In 1854, Lincoln stepped forward to oppose the repeal of the Missouri Compromise that had prohibited slavery across a line of northern latitude. In the speech that launched him on the path that would lead to the presidency, he said of slavery: “I hate it because it deprives our republican example of its just influence in the world—enables the enemies of free institutions, with plausibility, to taunt us as hypocrites…” And he said that compromise on slavery tainted the United States as the leader of “the liberal party throughout the world.” He would repeat his phrase—“I hate it because it deprives our republican example of its just influence in the world”—in his first debate in the Senate race with Stephen A. Douglas on August 21, 1858.

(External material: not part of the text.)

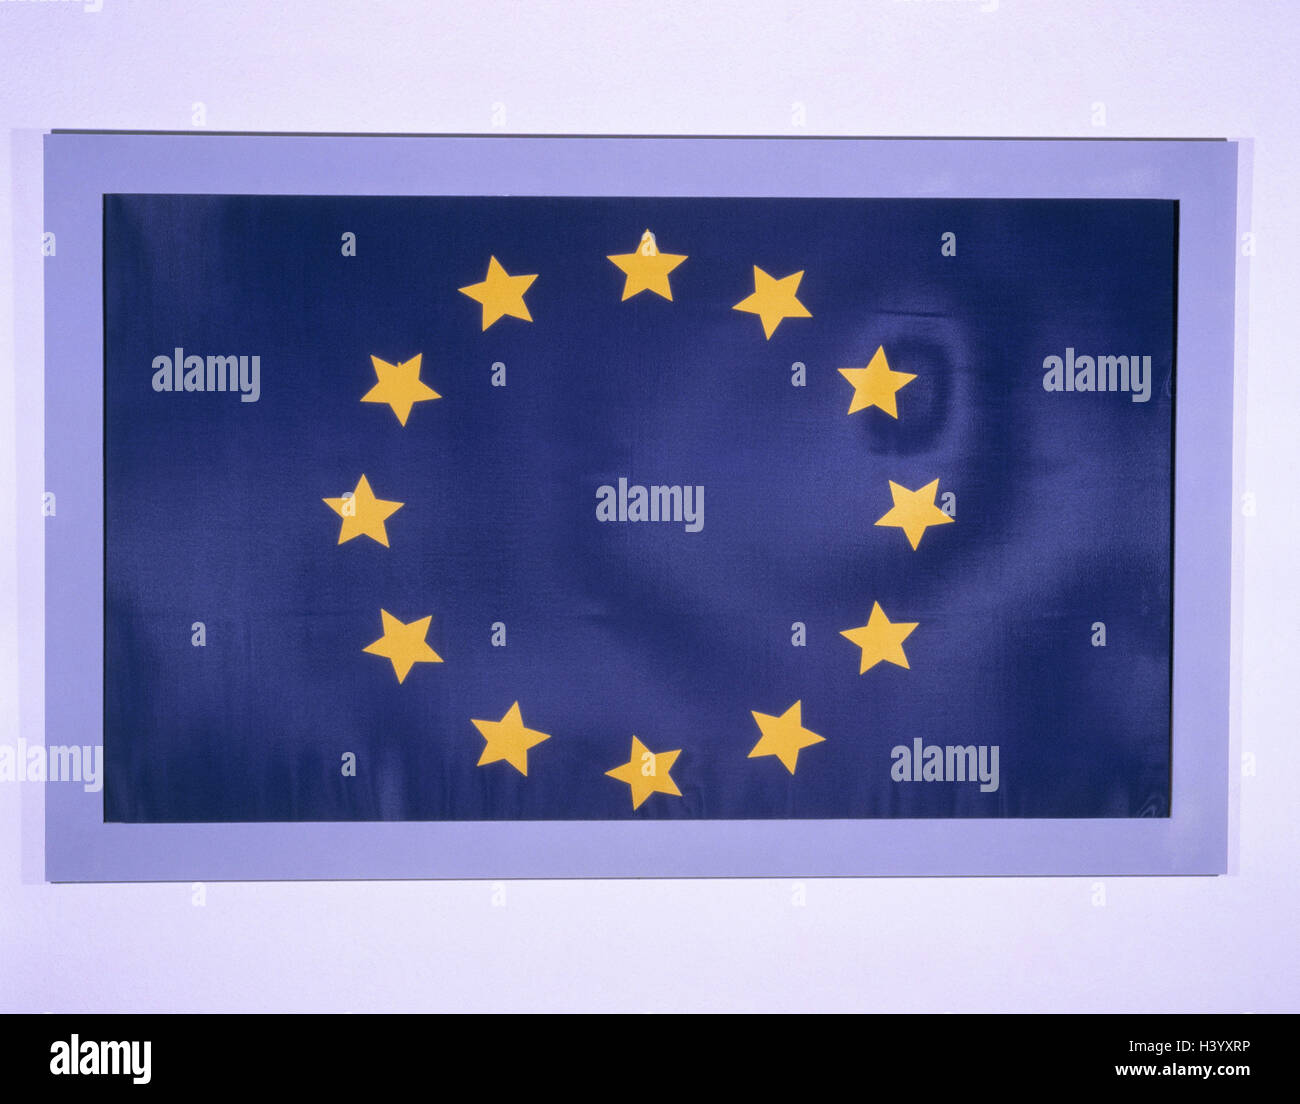 Europaische Flagge Blau Gelbe Flagge Flagge Europa Europaische Union Eu Flagge Sterne Symbol 12 Mitgliedslander Mitglieder Zwolf Eu Europaische Gemeinschaft Produktfotografie Noch Leben Stockfotografie Alamy

During the decade of the 1850s, Lincoln befriended many German exiled revolutionaries, who would become his indispensable allies in the formation of the new Republican Party. Lincoln’s identification of the “spread of slavery” and “monstrous injustice of slavery” with the struggle for democracy abroad drew the parallels of American slavery with European tyrannies and the antislavery struggle with European revolutions. It was also a direct appeal to the large German community in Illinois, composed of refugees from the suppressed revolutions of 1848.

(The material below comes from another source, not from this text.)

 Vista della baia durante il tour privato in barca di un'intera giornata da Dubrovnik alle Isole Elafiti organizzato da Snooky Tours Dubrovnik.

Defending the American “just influence in the world,” Lincoln raised the perspective of liberal Europe to advance his case to Americans. “Already the liberal party throughout the world, express the apprehension ‘that the one retrograde institution in America, is undermining the principles of progress, and fatally violating the noblest political system the world ever saw.’ This is not the taunt of enemies, but the warning of friends. Is it quite safe to disregard it—to despise it? Is there no danger to liberty itself, in discarding the earliest practice, and first precept of our ancient faith? In our greedy chase to make profit of the negro, let us beware, lest we ‘cancel and tear to pieces’ even the white man’s charter of freedom.”

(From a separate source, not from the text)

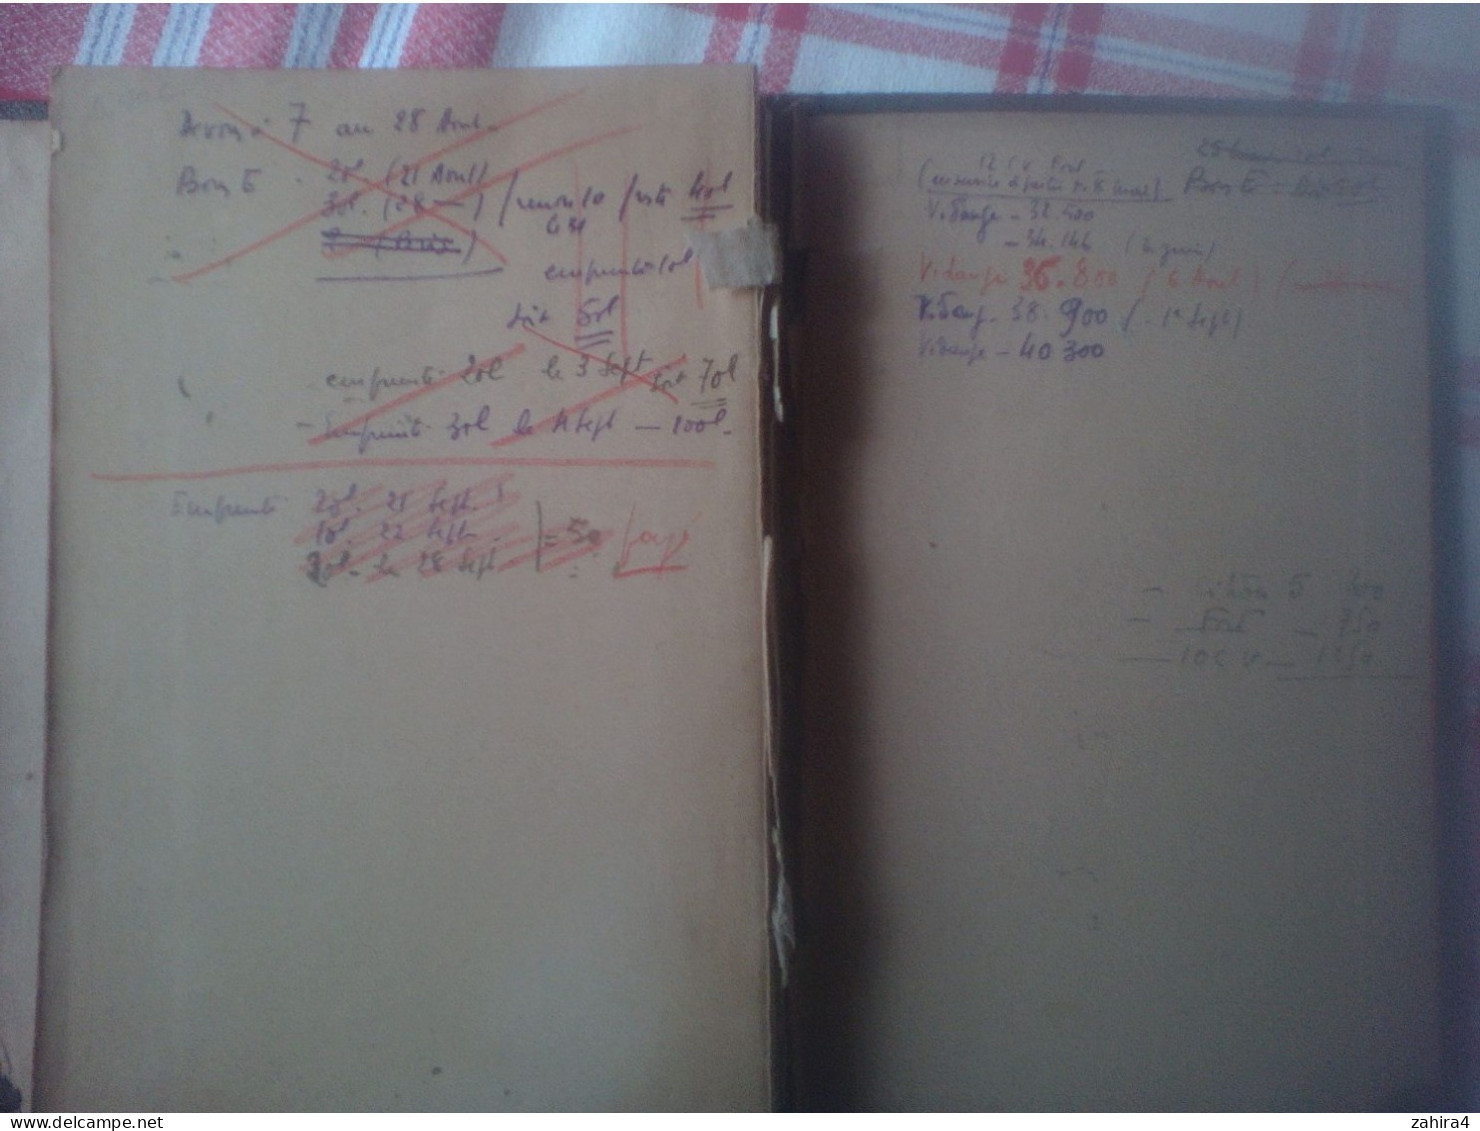 Agenda de bureau pour 1948 d'un vétérinaire de Tarn et Garonne (Possible M. Bachala Castelsarrasin ?)

In his little law office in Springfield, Lincoln further deepened his cosmopolitan understanding of the issues at stake. He subscribed to newspapers from across the country and journals from London. His line referring to “the liberal party throughout the world” was quoted without attribution from the New York Times, which had reprinted an article from the London Daily News, whose conclusion warned against “the one retrograde institution in America.” Lincoln’s phrase, “cancel and tear to pieces,” was an unacknowledged quotation from Shakespeare’s Macbeth, a scene in which assassination of the rightful king is plotted. In a letter written in 1855, Lincoln also unfavorably compared the rising nativist movement of the Know Nothings against immigrants to Russia, “where despotism can be taken pure, and without the base alloy of hypocrisy.”
As president, Lincoln presented the Civil War as an international event of the greatest magnitude, the cause of the United States as a liberal republic opposed by the same oppressive forces that had crushed the 1848 revolutions, and which sought the defeat of the American experiment in democracy. It was this idea that led Lincoln in 1862 to call the United States “the last best hope of Earth.”